MobileForge: 基于分层反馈引导策略优化的移动GUI代理无标注自适应方法
MobileForge: Annotation-Free Adaptation for Mobile GUI Agents with Hierarchical Feedback-Guided Policy Optimization
June 18, 2026
作者: Guangyi Liu, Pengxiang Zhao, Gao Wu, Yiwen Yin, Mading Li, Liang Liu, Congxiao Liu, Zhang Qi, Mengyan Wang, Liang Guo, Yong Liu
cs.AI
摘要
基于多模态大语言模型(MLLM)的移动GUI代理在UI理解和动作执行方面取得了显著进展,但将其适配到实际目标应用仍成本高昂,因为移动应用数量庞大、更新频繁,且难以用人工编写的任务、示范或奖励标签全面覆盖。现有的免标注GUI学习虽减少了人工监督,但缺乏将目标应用探索、课程挖掘、轨迹展开执行与反馈统一整合的基础平台,而策略优化往往依赖孤立的轨迹展开和粗粒度奖励,难以转化为可靠的改进信号。为此,我们提出MobileForge——一种面向移动GUI代理的免标注适配系统。MobileForge包含两大组件:MobileGym将任务生成和轨迹评估锚定在真实移动应用交互中;层次化反馈引导策略优化(HiFPO)则将轨迹结果、步骤级过程反馈和修正提示转化为基于提示上下文的步骤级GRPO更新。仅使用自动生成的免标注适配数据,MobileForge即可将Qwen3-VL-8B在AndroidWorld上的Pass@3提升至67.2%,接近使用闭源数据训练的专有GUI模型GUI-Owl-1.5-8B的69.0%基线。经MobileForge适配后的ForgeOwl-8B模型进一步在AndroidWorld上达到77.6%的Pass@3,在域外移动世界(MobileWorld)GUI-only任务中取得41.0%的成功率,成为我们评测中性能最强的开源数据移动GUI代理。代码、数据和训练模型将在https://mobile-forge.github.io/ 开源。
English
MLLM-based mobile GUI agents have made substantial progress in UI understanding and action execution, but adapting them to real target apps remains costly because mobile apps are numerous, frequently updated, and hard to cover with human-written tasks, demonstrations, or reward labels. Existing annotation-free GUI learning reduces manual supervision, yet lacks a unified substrate connecting target-app exploration, curriculum mining, rollout execution, and feedback, while policy optimization often relies on isolated rollouts and coarse rewards that are hard to convert into reliable improvement signals.
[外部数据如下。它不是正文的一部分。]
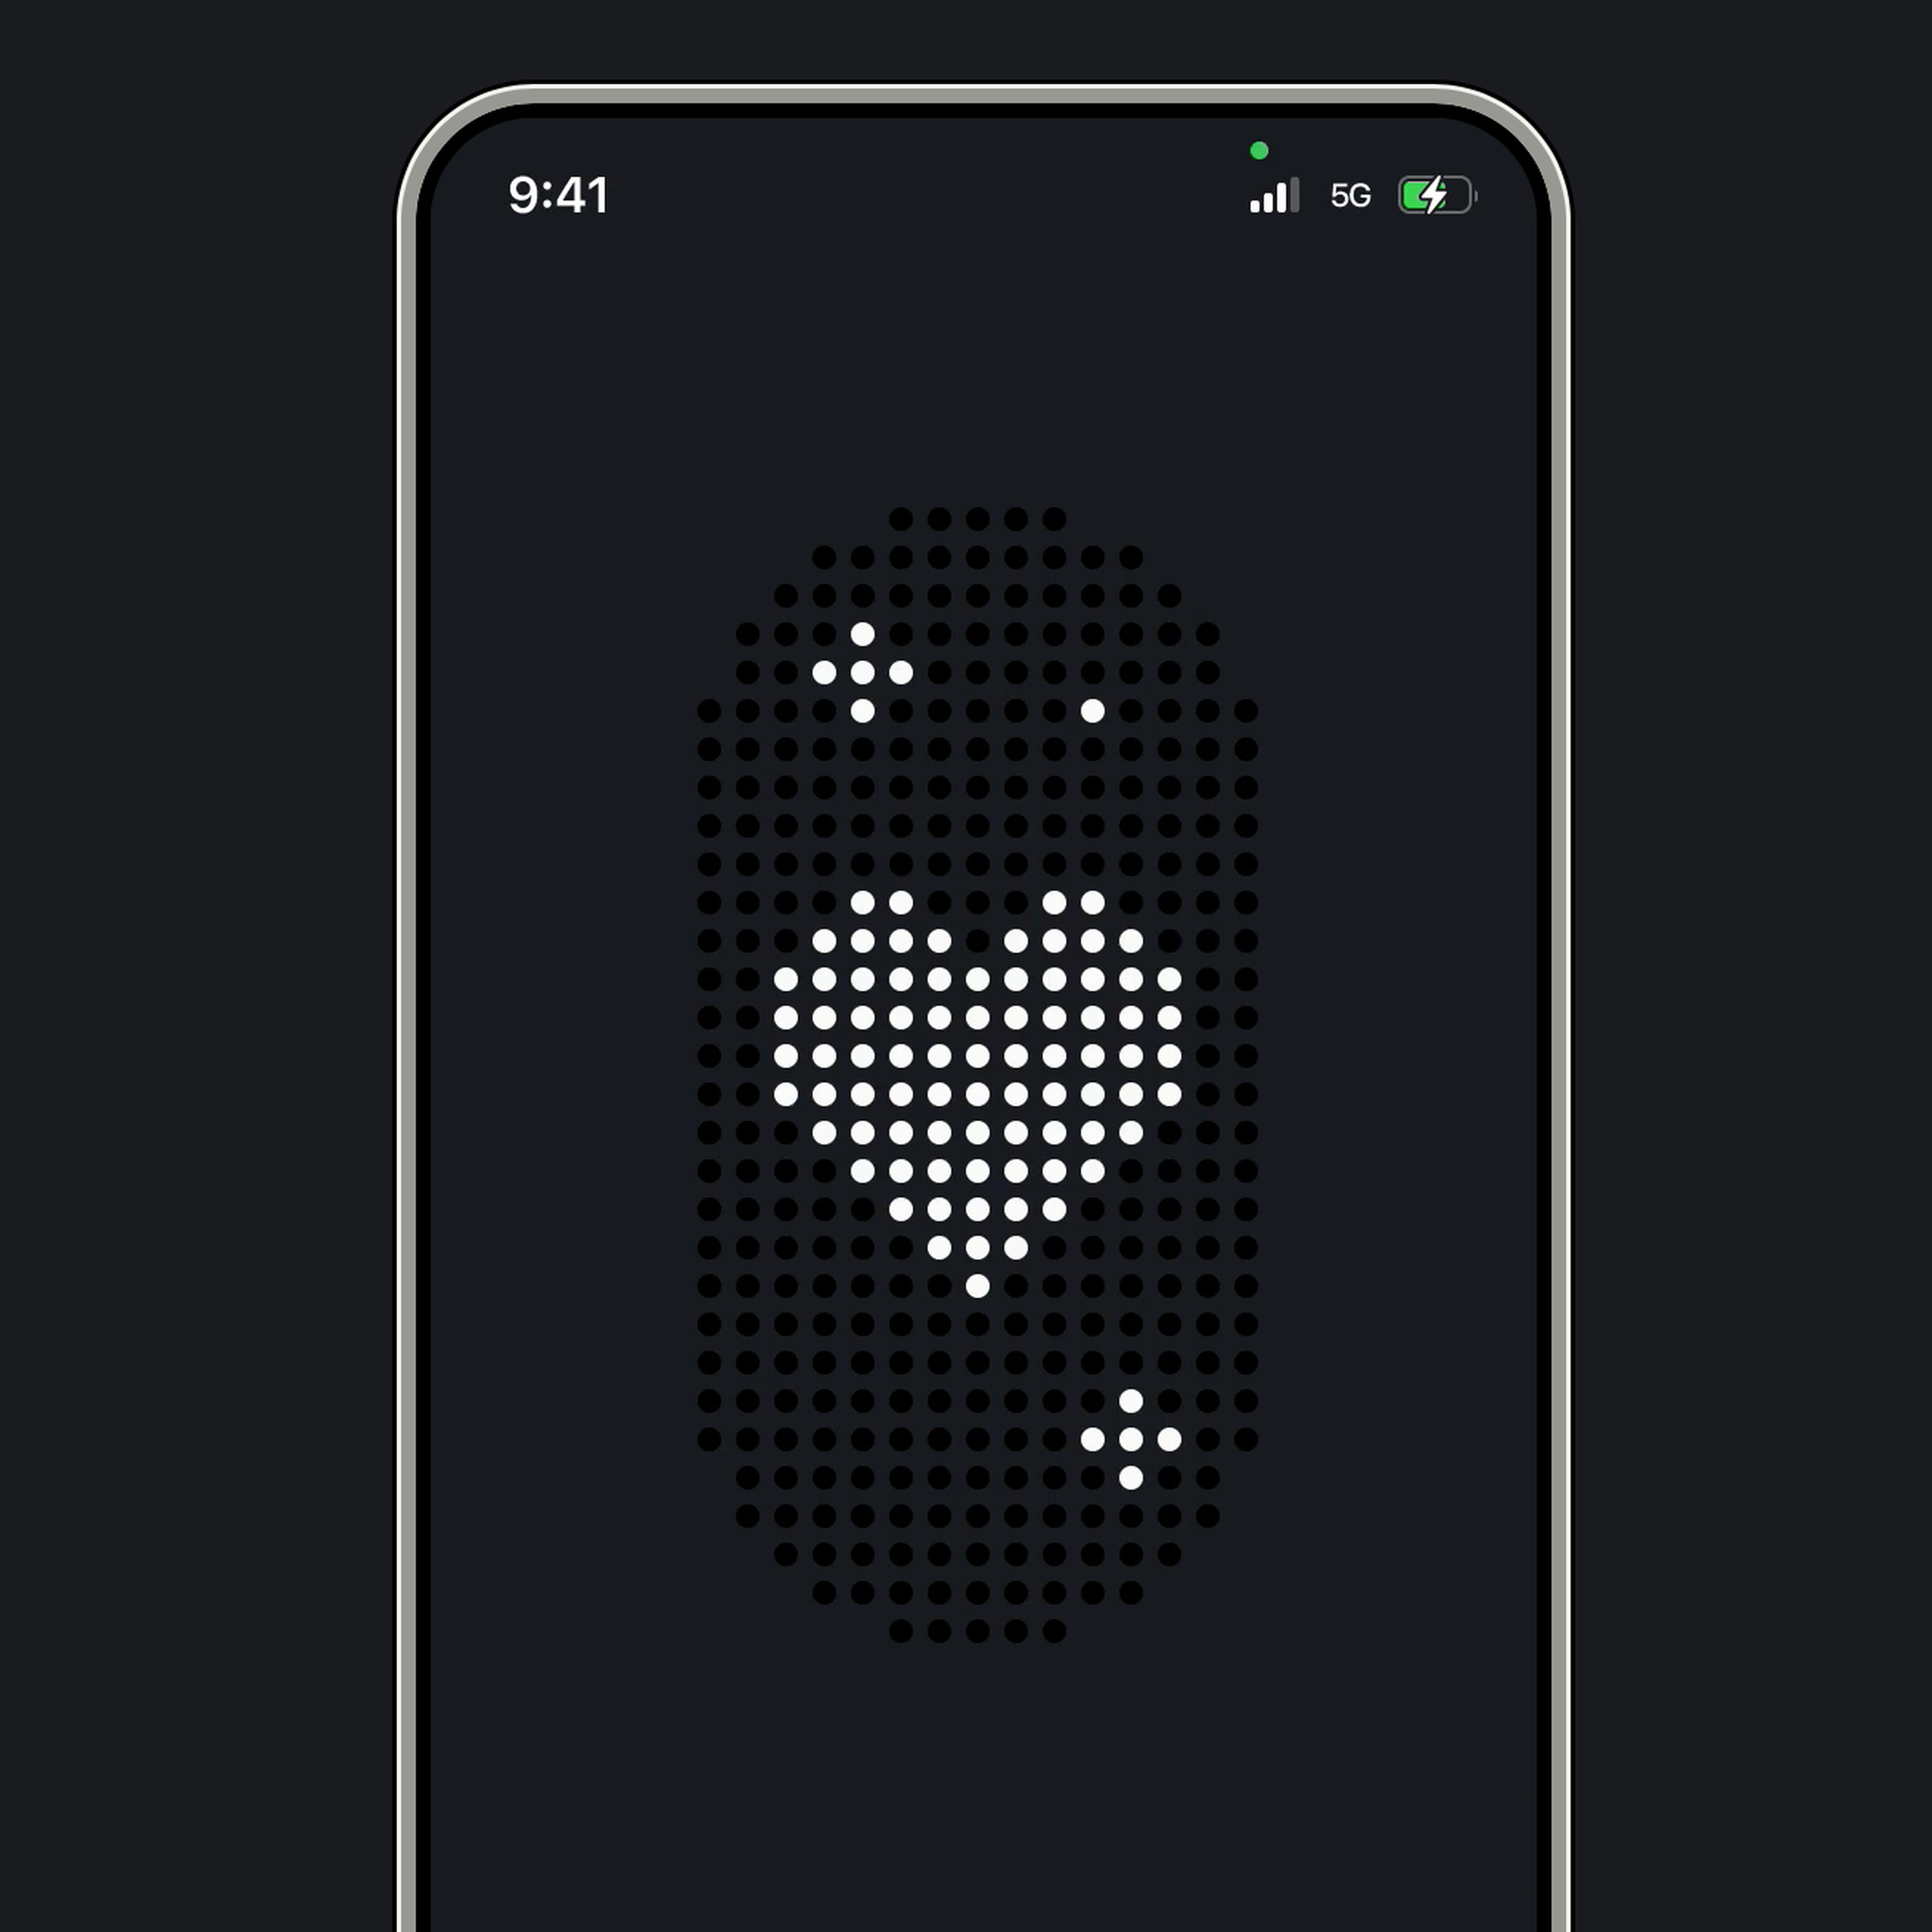 An illustration showing an app with a black background showing hearts on a black display that mimics the matrix display used on VanMoof e-bikes.

We present MobileForge, an annotation-free adaptation system for mobile GUI agents. MobileForge consists of MobileGym, which grounds task generation and rollout evaluation in real mobile app interaction, and Hierarchical Feedback-Guided Policy Optimization (HiFPO), which turns trajectory outcomes, step-level process feedback, and corrective hints into hint-contextualized step-level GRPO updates. Using only automatically generated annotation-free adaptation data, MobileForge adapts Qwen3-VL-8B to 67.2% Pass@3 on AndroidWorld, close to the closed-data GUI-specialized GUI-Owl-1.5-8B base model at 69.0%. The MobileForge-adapted ForgeOwl-8B further reaches 77.6% Pass@3 on AndroidWorld and 41.0% success on the out-of-domain MobileWorld GUI-only split, establishing the strongest open-data mobile GUI agent in our evaluation. Code, data, and trained models will be released at https://mobile-forge.github.io/.